Coğrafyada menfaate dayalı iyi komşuluk ilişkileri geç kalınmış bir hamle olsa da gerekli olan ülke menfaatleri üzerinden yol almaya devam etmektir. Rusya bu denklem de, tüm bölgeyle ekonomik, siyasi bağlantıları ve sınırları olan bir güç. Avrasya’cılığın Rusya açısından jeopolitik bir anlamı olsa da, Rusya Türkiye’nin Batı karşıtlığının Avrasya’cı eğilime tam entegre olacağı anlamı taşımadığını bilecek devlet tecrübesine sahiptir. Türkiye Avrasya’da fiziki ve siyasi anlamda Türk devletler ve Kırım üzerinden manevi sancağının gölgesinde olan gönül coğrafyasına göbekten bağlıdır. Rusya ile mecburi dostluk iki devletin menfaatleri gereği, sınırlı da olsa siyasi, ekonomik bölgesel işbirliğini zorunlu kılsa da empeyal emellere sahip bir devlet olduğu gerçeği değişmiyor.

ABD’nin Orta Doğu’da yaptığı ölümcül hataların bölge ülkelerine büyük zararlar verdiği sır değil.
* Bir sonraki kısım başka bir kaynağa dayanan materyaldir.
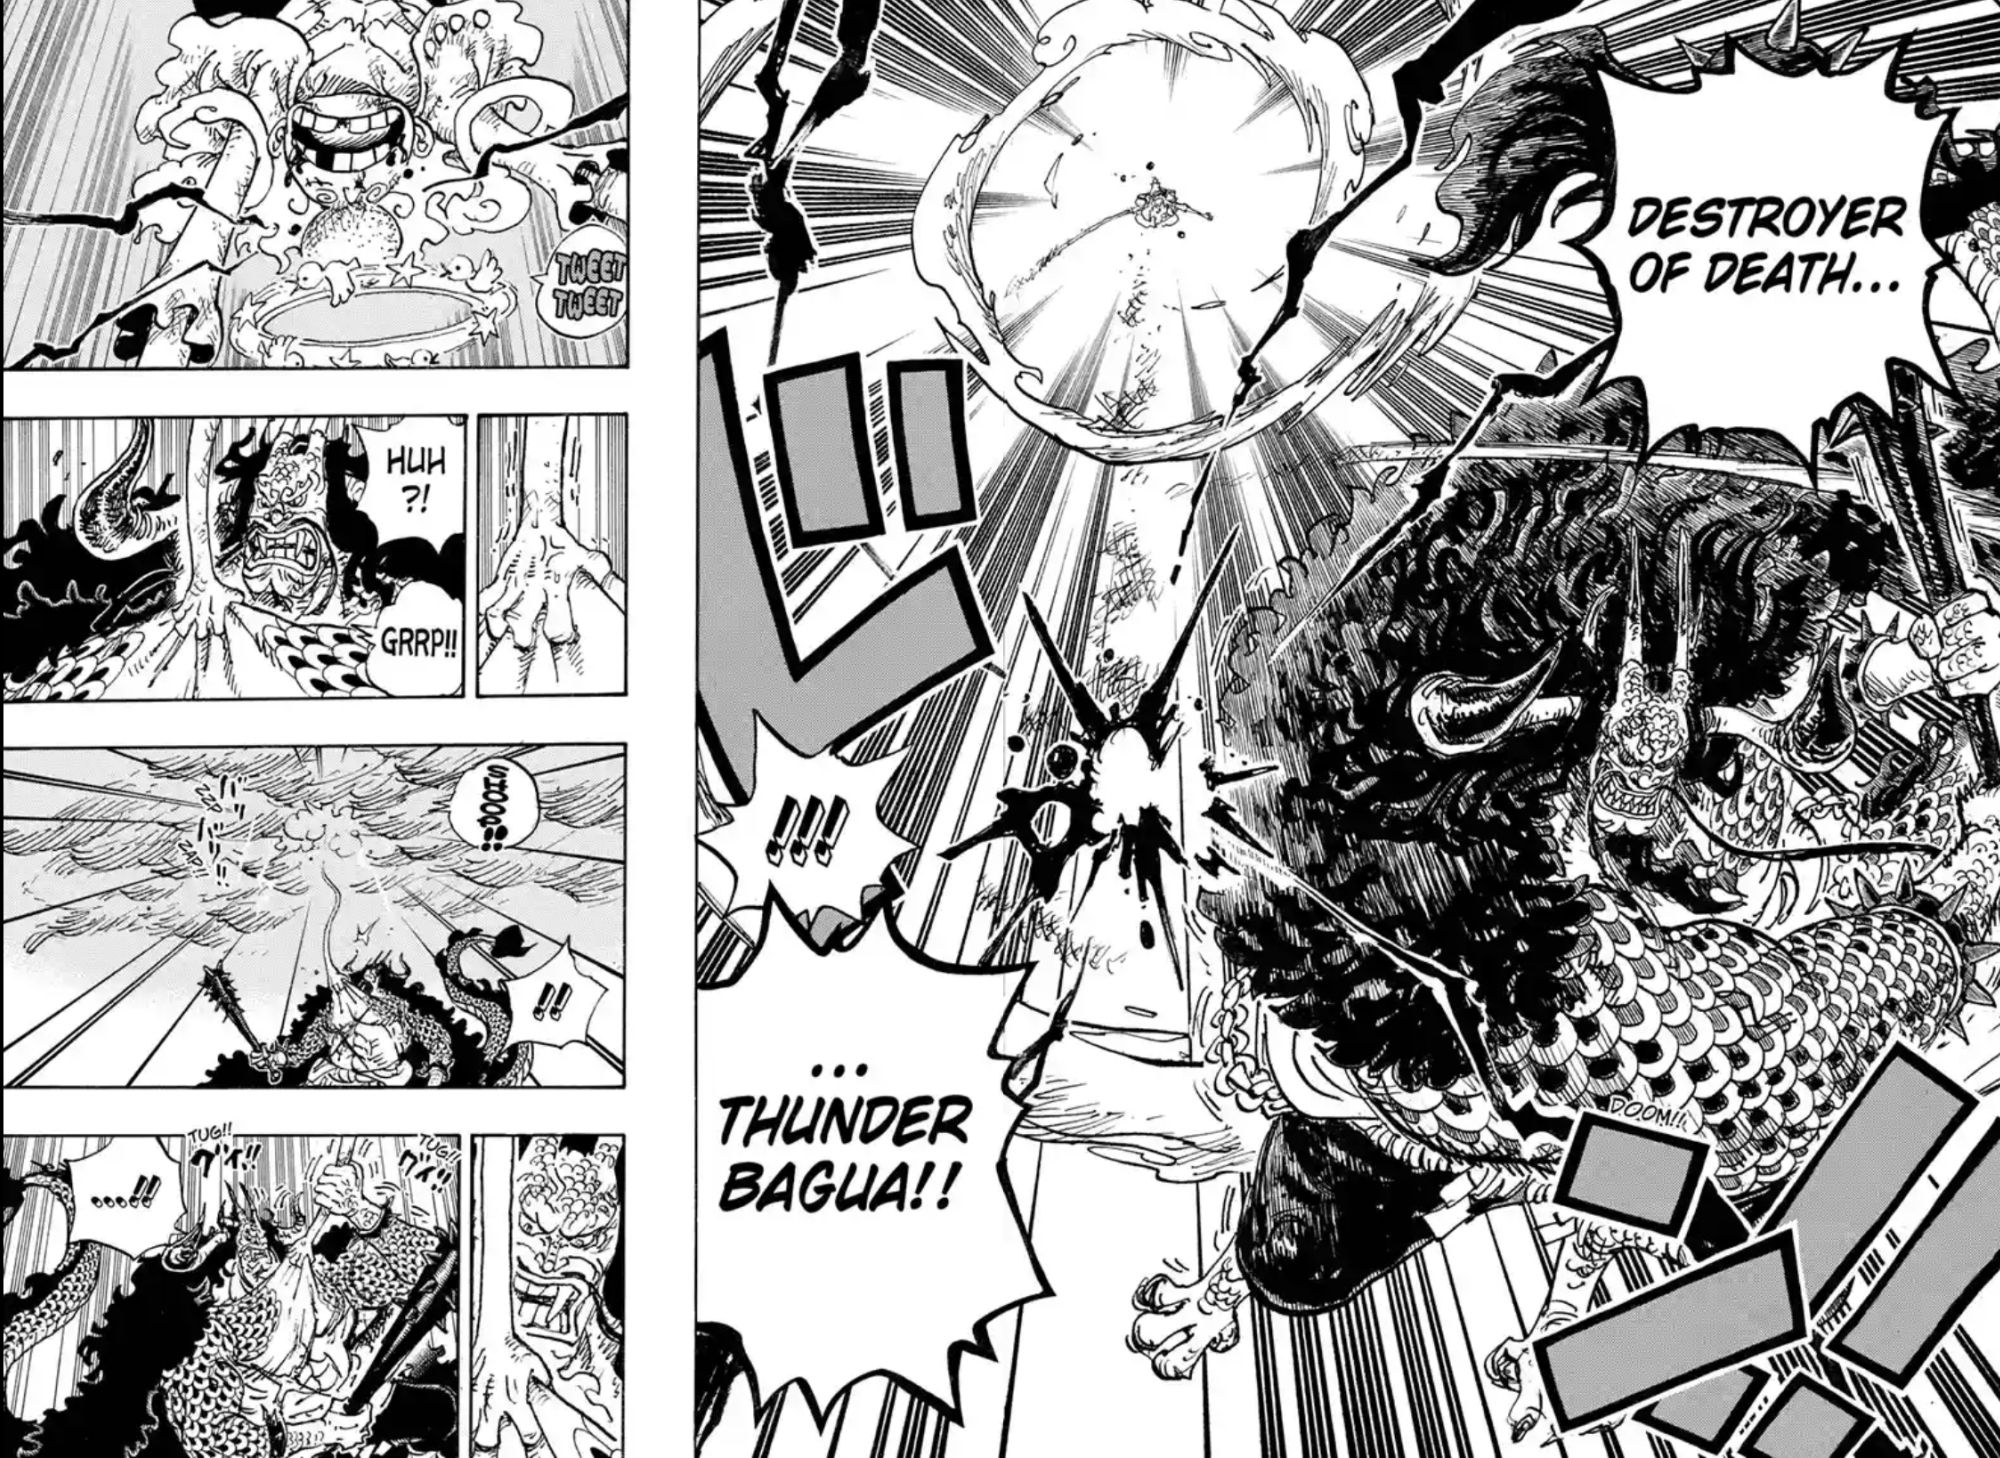 One-Piece-Chapter-1047-Luffy-Kaido-Destroyer-of-Death-Thunder-Bagua
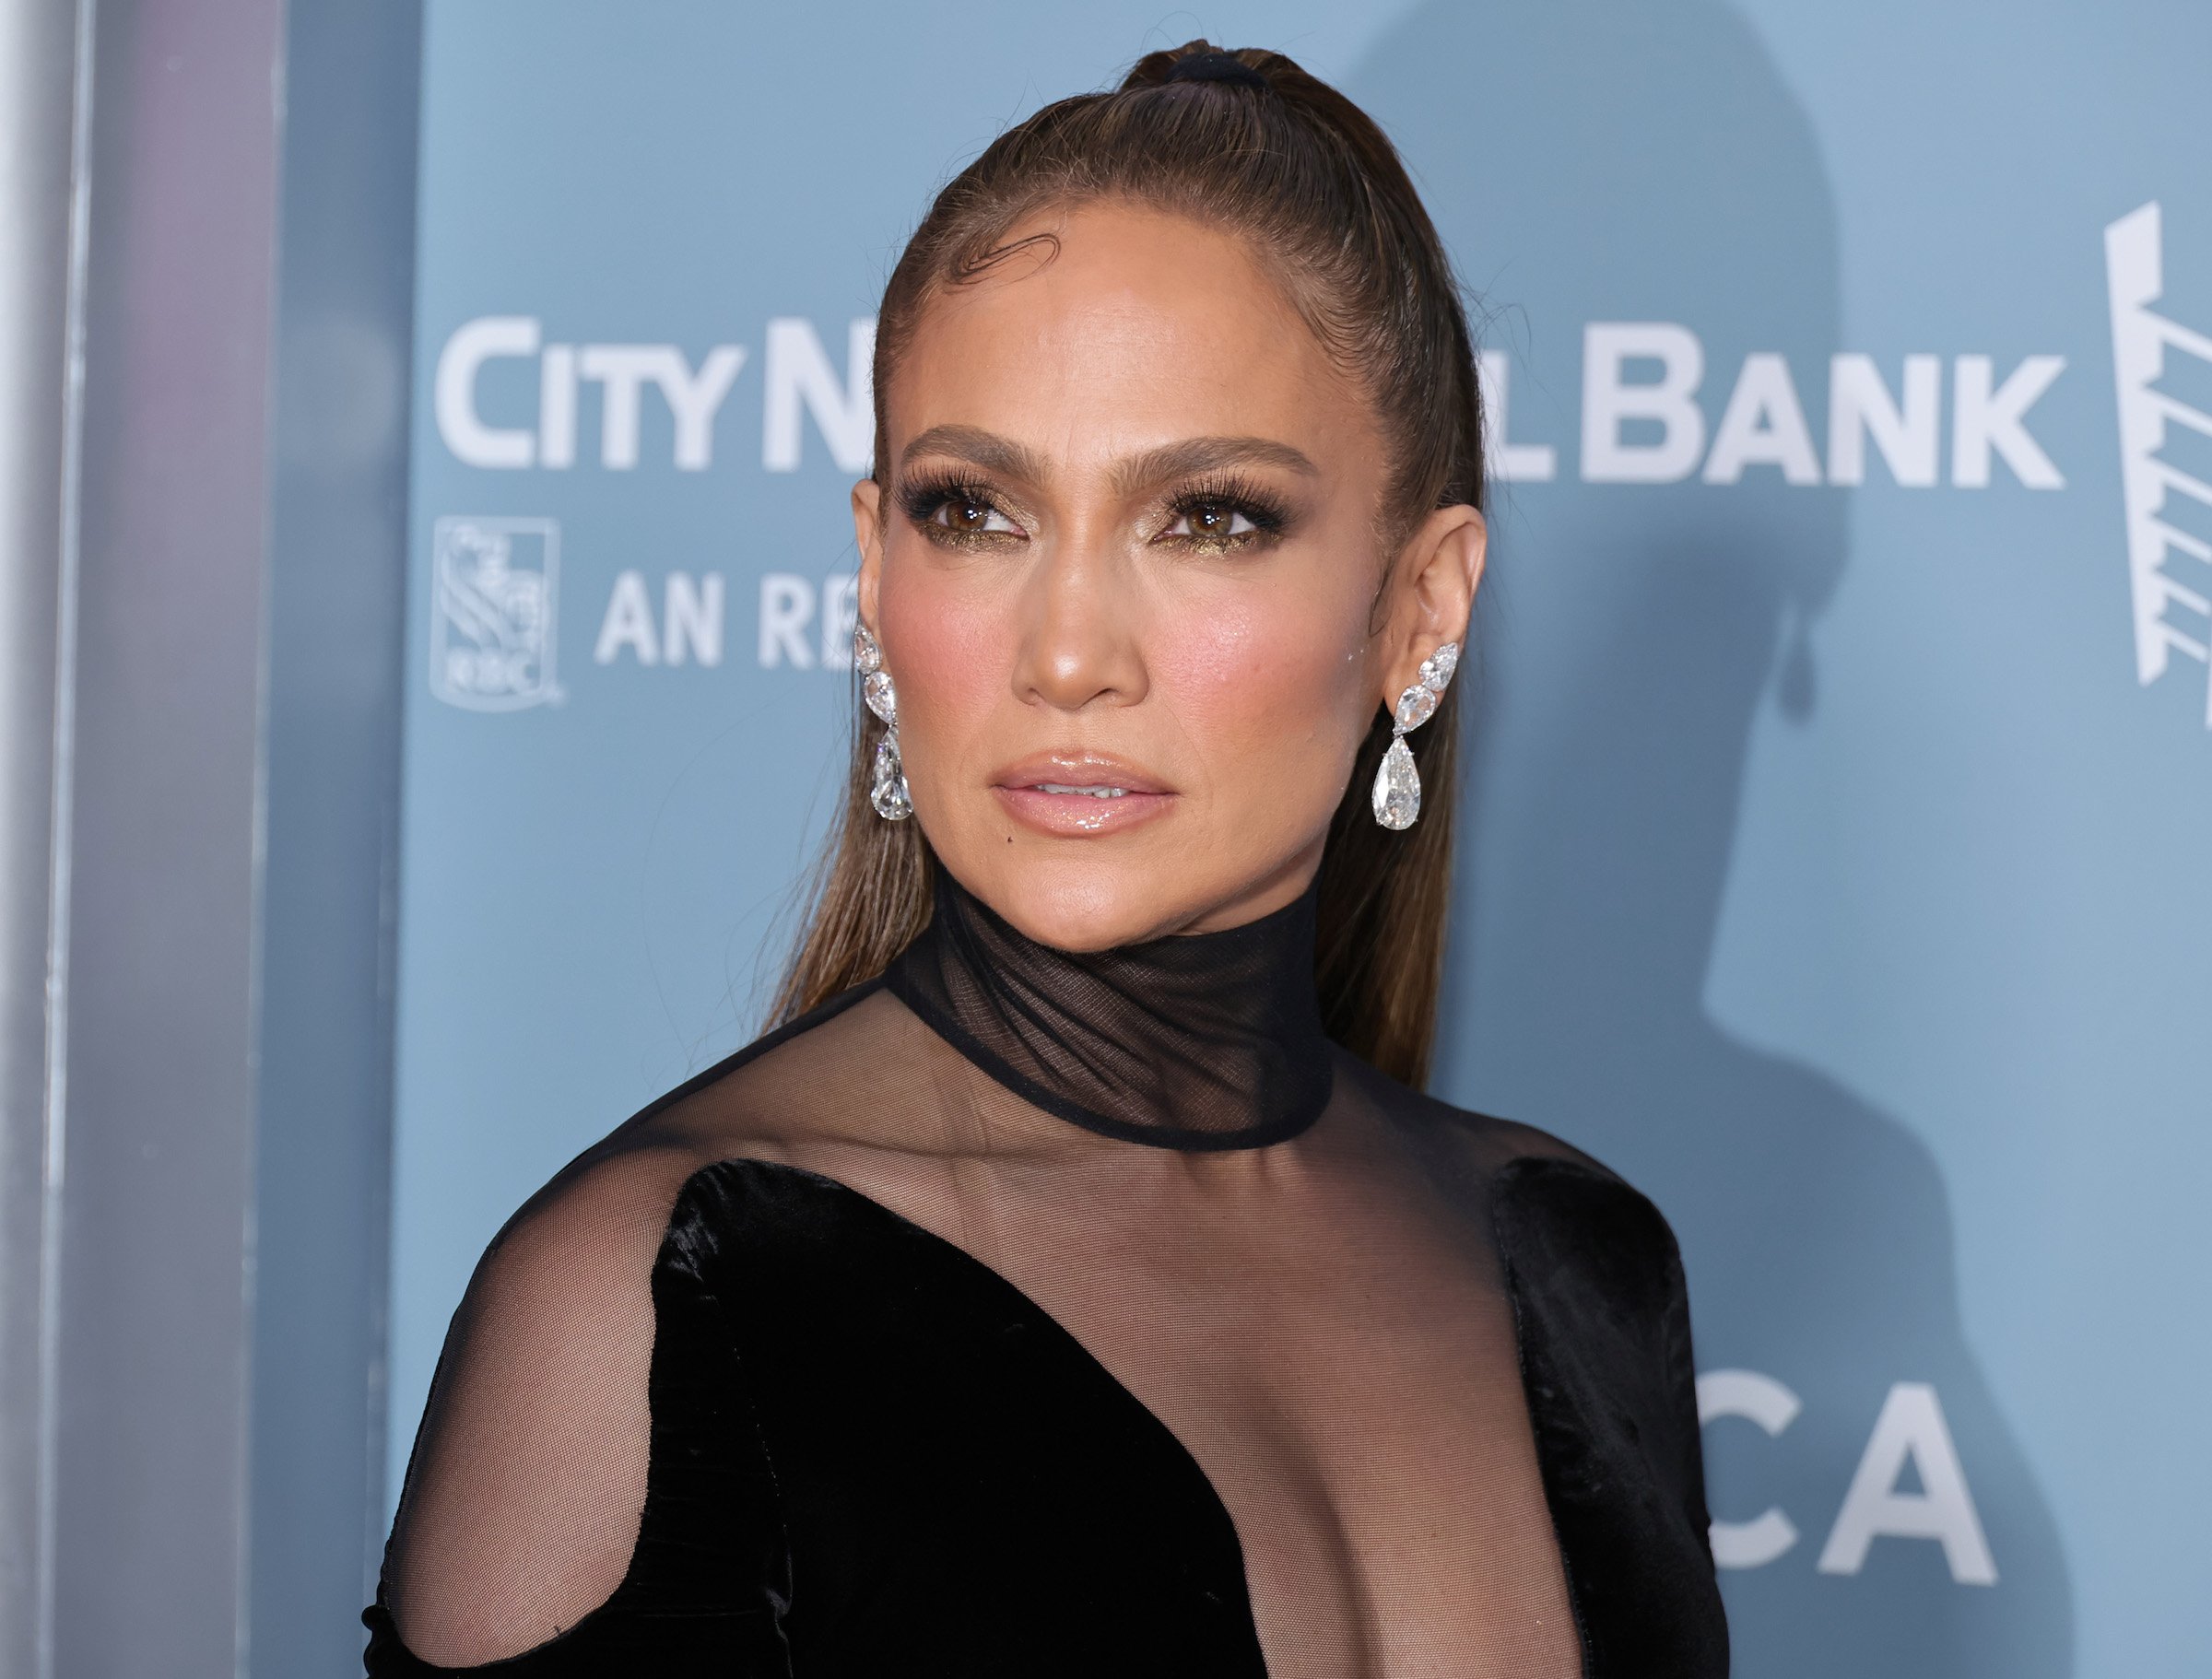 Jennifer Lopez Criticized the NFL Having 2 Headliners For the Super Bowl Halftime Show: ‘The Worst Idea in the World’

Bu hamleler Rusya’ya alan ve müttefik, coğrafyaya ölüm, bölge devletlerine kaos ve siyasal kargaşa getirdiği gerçeği unutulmamalıdır.Türk dünyası jeopolitiği, Türkiye dış politikasını belirli ölçüde Karabağ savaşı ile tetiklese de yaşananlar asla tesadüf değil. Rusya bu coğrafyadaki olayları emperyal hayallerine tecavüz gibi algılasa da Türk dünyası birlikteliği, Rusya dışlanmadan dillendirilen bir çözümle yol alabilir mi? Rusya dahil edilebilir mi ? “ Cevap bulunması gereken soru bu.”

Avrasya’cılık ve Atlantik savaşı görünürde ABD ve Rusya arasında görünse de, kutuplaşmanın yaşanacağı dünyamızda rakibi Rusya değil Çin’dir. Gelecekte Çin’in pasifize edilerek dünyanın kutuplaştığını, safların oluştuğunu görmek için kâhin olmak gerekmiyor. ABD her daim AB’ ni nasıl tekrar kontrol altına alırım projelerini hayata geçirmekle meşgul. Avrupa ordusu kurma, bağımsız olma tasavvuru  menfi anlamda AB’nin kaderini belirledi.

Çin’in dizginlendiği, bir kuşak bir yol projesinin engellendiği yerde her yol ve yolların güzergahı Türkiye olması kaçınılmaz. Cevap bu güzergahın kontrolü Türkiye’nin mi ?  ABD'nin mi? kontrolünde olacağı. 15 Temmuz Feto kalkışması başarılı olsaydı cevap belliydi.